その中へと入っていったキッドの姿を見つめる者がいた。 サングラスをかけた謎の男。 男は携帯電話にも似た通信機を取り出して何か話しかけている。 どうやら、誰かに指示を出しているようだ。 キッドはまだ気づいていないけれど、何かが起こり始めた予感。 仮想ゲームは終わったけれど、現実のゲームが始まりそうだ。

さぁ。 ゲームスタート?


GAME START.STAGE 1.


地下鉄の駅である。 キッドは階段を下り、改札を抜けた。 改札の先はホームに続く地下通路だ。 トンネル状の空間の中には人がいた。 壁際に座り込む若い男の二人組。 ストリート系の身軽そうな服装の若者たちだ。

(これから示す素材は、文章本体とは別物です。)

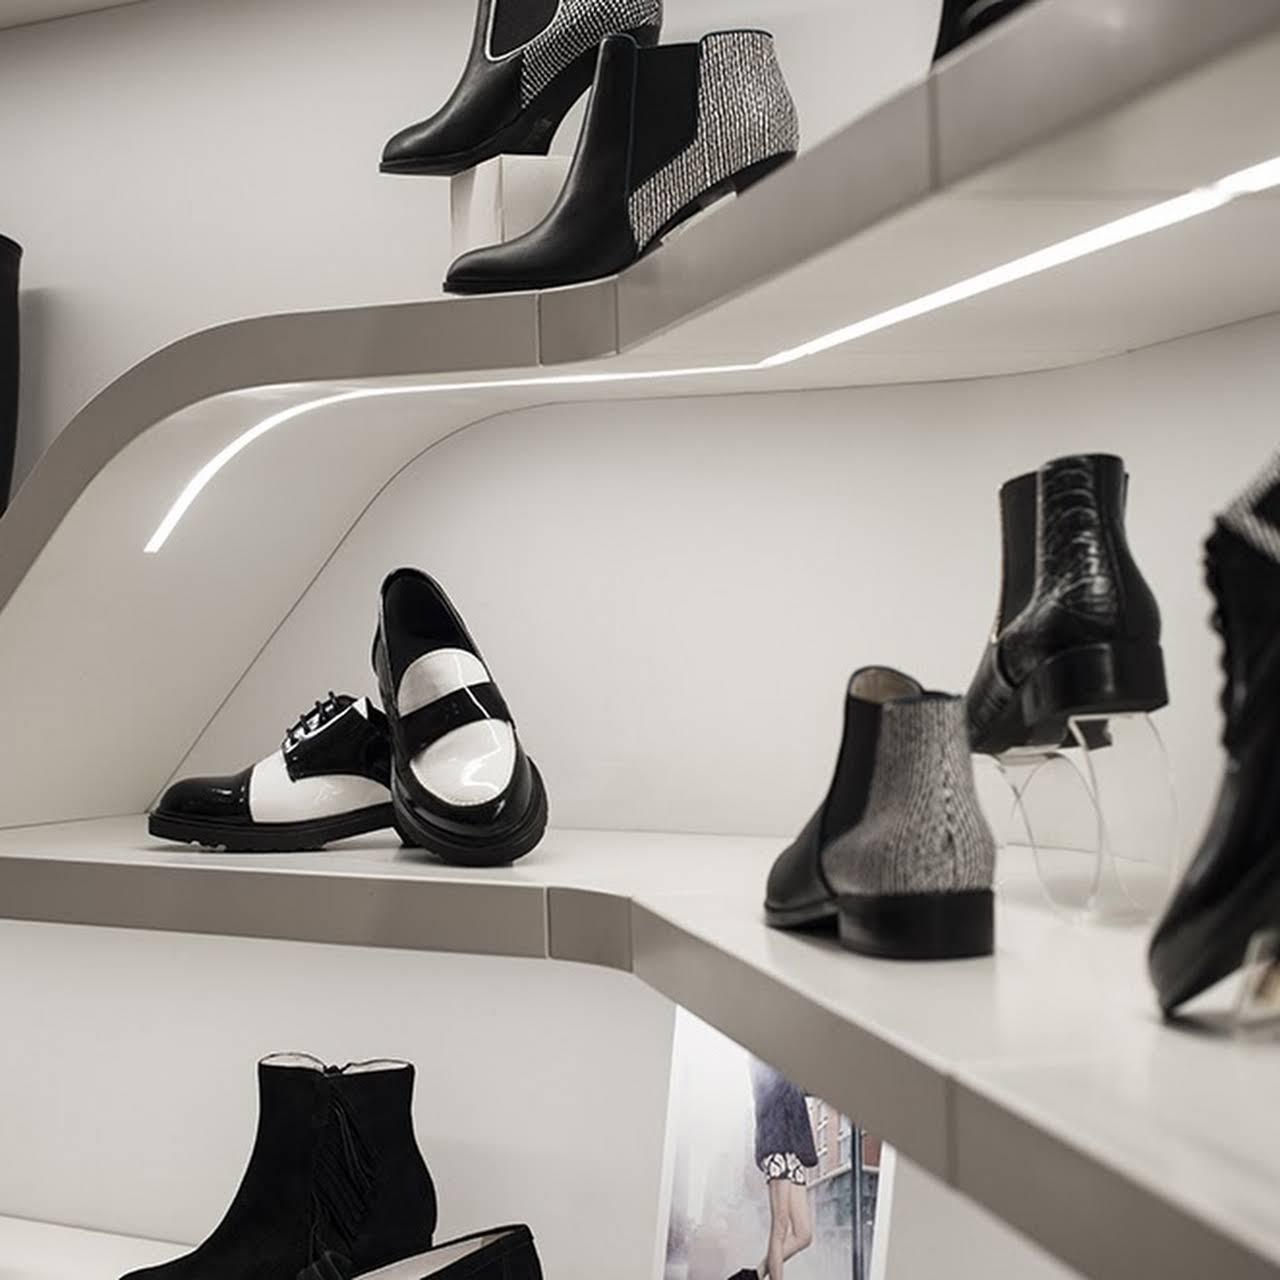 1fee1a8459e2ad Guzzi - Magasin de chaussures à Nantes Beaulieu

二人は改札の方を注意深く見ていた。 彼らの視線が向かう先には通路へと足を踏み入れたキッドがいる。 その姿を確認したかのように二人は顔を見合わた。 キッドの方も二人組に気がついた様子だ。 チラリと二人に目をやってどこかいぶかしげな表情をしている。 キッドが通路の中に入ると、二人組が立ち上がった。 どうもおかしな目つきだ。険しい表情に込められているのは殺気にも見える。

進むキッド、目を離さぬ二人組。

両者がすれ違う。

1歩、2歩、3歩……。

キッドが5歩目を踏み出したときだった。 突然二人組がナイフを抜いた。 一気に襲い掛かろうと身構えた彼らの目の前でキッドが振り向く。

パン!

軽い音が響く。 二人組の頭が強く殴られたかのように揺れる。 キッドの両手には小さな拳銃。 発砲のタイミングは左右同時だ。ほのかに硝煙の匂いがする。

二人組はよろめき、後ろに倒れた。 ブローニング・ベビーから放たれた弾丸のしわざだ。 弾は頭蓋骨を貫通していた。 二人とも後頭部に開いた穴から脳漿を噴き出している。 額に開いた穴からはかすかに血が流れていた。 まだ生きている。

一人は目玉が飛び出しそうなくらいにまぶたを開き、口をあけている。 もう一人は軽く白目を向いたまま痙攣し始めた。 どちらかが脱糞でもしたのか、独特の臭気が漂う。 あたりに何とも言えない生臭さが満ちていった。 血と汚物の臭いだ。

その場面を盗み見ている人影が一人。 いつの間に現れたのか、改札側の曲がり角から通路の中をのぞいていた。 音もなく、人影は筒のようなものを口に当てる。 どうやら吹き矢のようだ。 狙い定める目標はキッドの左肩。 フッと息を吹き込めば、筒から針が飛ぶのだろう。 ただの針ではないのかもしれない。 たとえば毒針とか。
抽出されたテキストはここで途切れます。